Opinion » Heck

War is Heck



I was helping my grandfather clean his art studio last Tuesday, when I discovered a stack of old World War II-era military newspapers--specifically, Boise's own Gowen Field Beacon. Ever since the time I pulled up the linoleum in an old house and discovered an issue of the Idaho Press-Tribune with the headlines, "Johnson Predicts Vietnam Will Be Minor Conflict" and "Study: Beating Your Wife Can Save Your Marriage!" I'll put aside whatever I'm doing to pore over old tabloids. Needless to say, the studio still isn't safe for visitors, and I'm still lost in 1943. So, rather than pretend I want to talk about the depressing present, let's review the headlines from Idaho's war-torn past.
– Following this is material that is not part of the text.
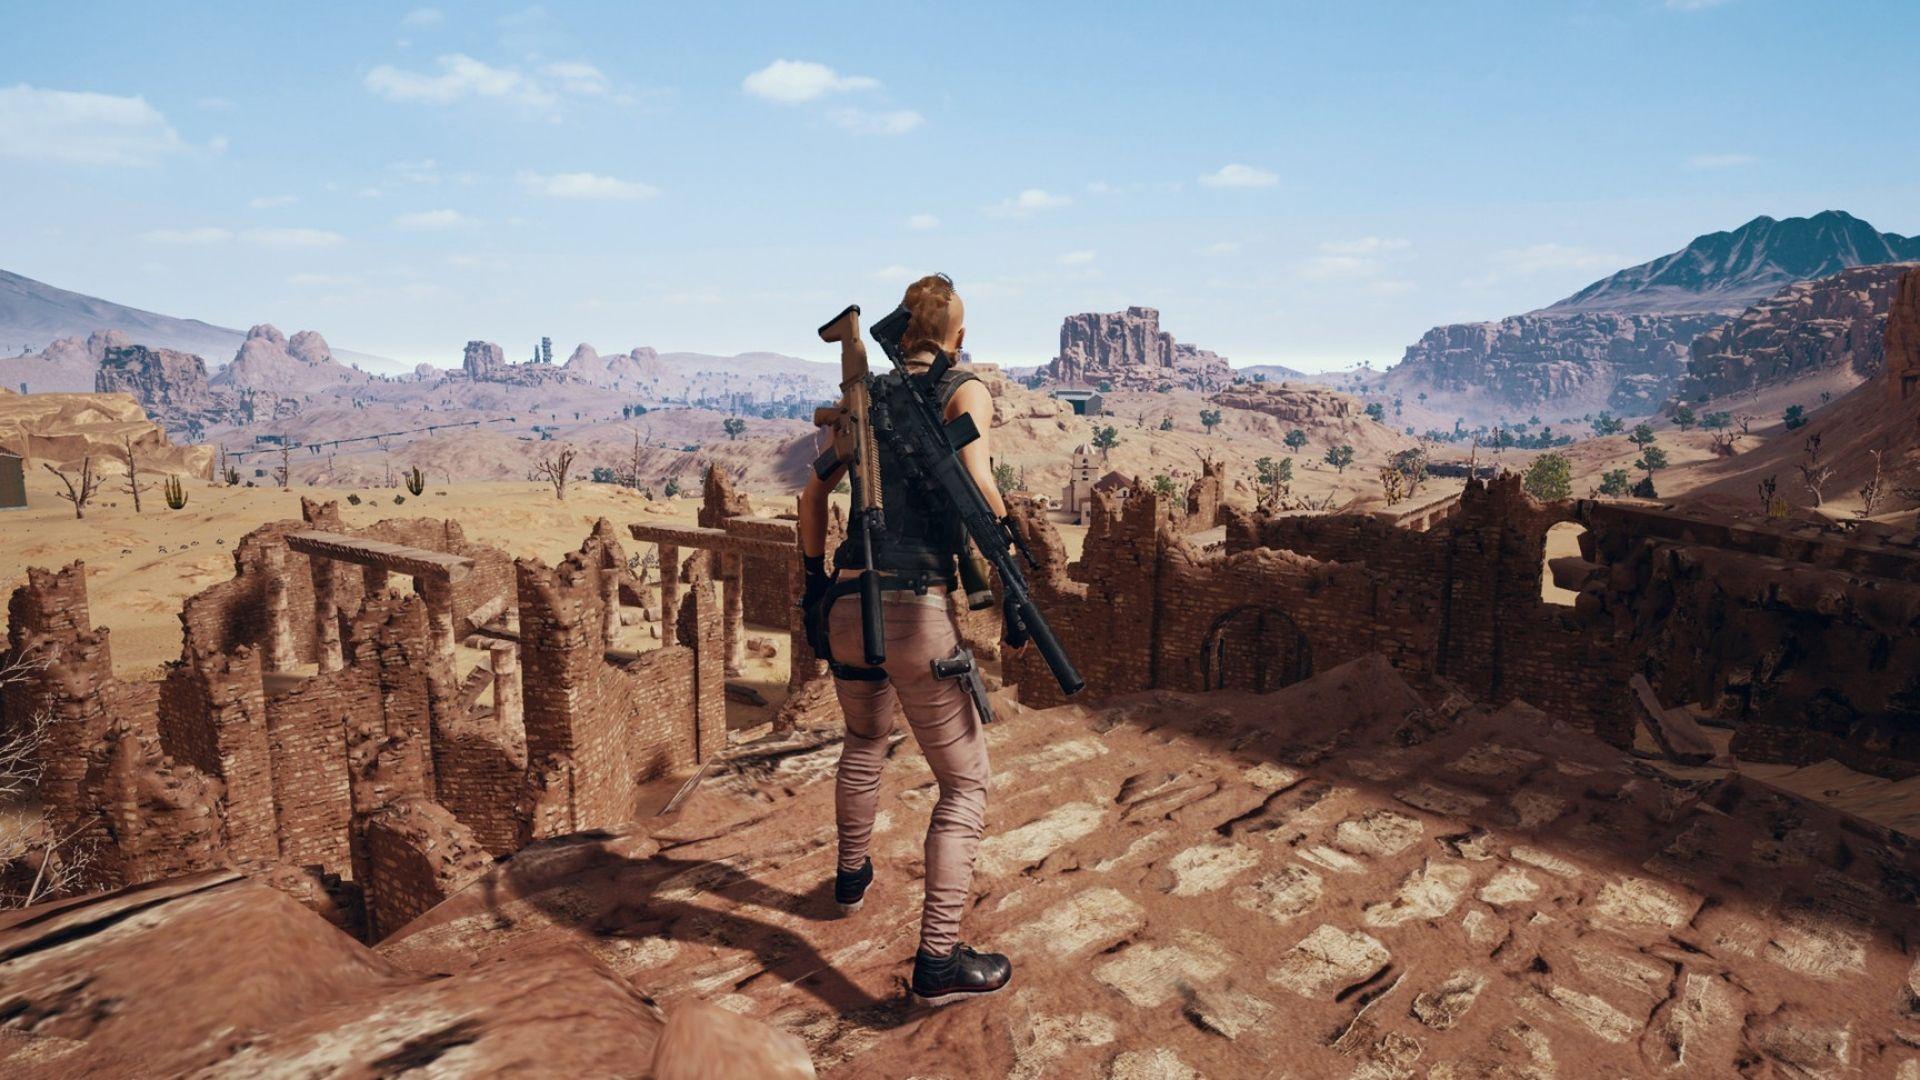 Personagem armada acima de uma ruína observando um cenário desértico

The big news on July 3 was that several officers and soldiers had gotten in trouble for sewing creases into their shirts and pants, believing it to be army regulation. Actor-slash-soldier boy Jimmy Stewart had been spotted getting, er, "chewed out" by a Seargent backstage at the Gowen Follies. The Coke machine that had been providing officers with free soda had been fixed. A few soldiers had graciously agreed to help get rid of Boise's "pestiferous jack rabbits" by "sniping" them. And the biggest story of all ... A gunner on a B-17 bomber attributed his ability to survive combat to the lucky skull that he had stolen from a graveyard in Palestine. "'John Doe' was promoted to staff sergeant and taken along as mascot on the plane 'Raunchy,'" reported the paper. "From his position above the bomb bay he watched the bombs rain terror on Axis towns, seaports and convoys in the Mediterranean."

Think about that image for a moment. Get all deep and pretend it's some mythological precursor of contemporary Palestinian-U.S. relations. Isn't that cool? If that's the kind of stuff they write about in the military, I'm going to hitch up with Stars and Stripes.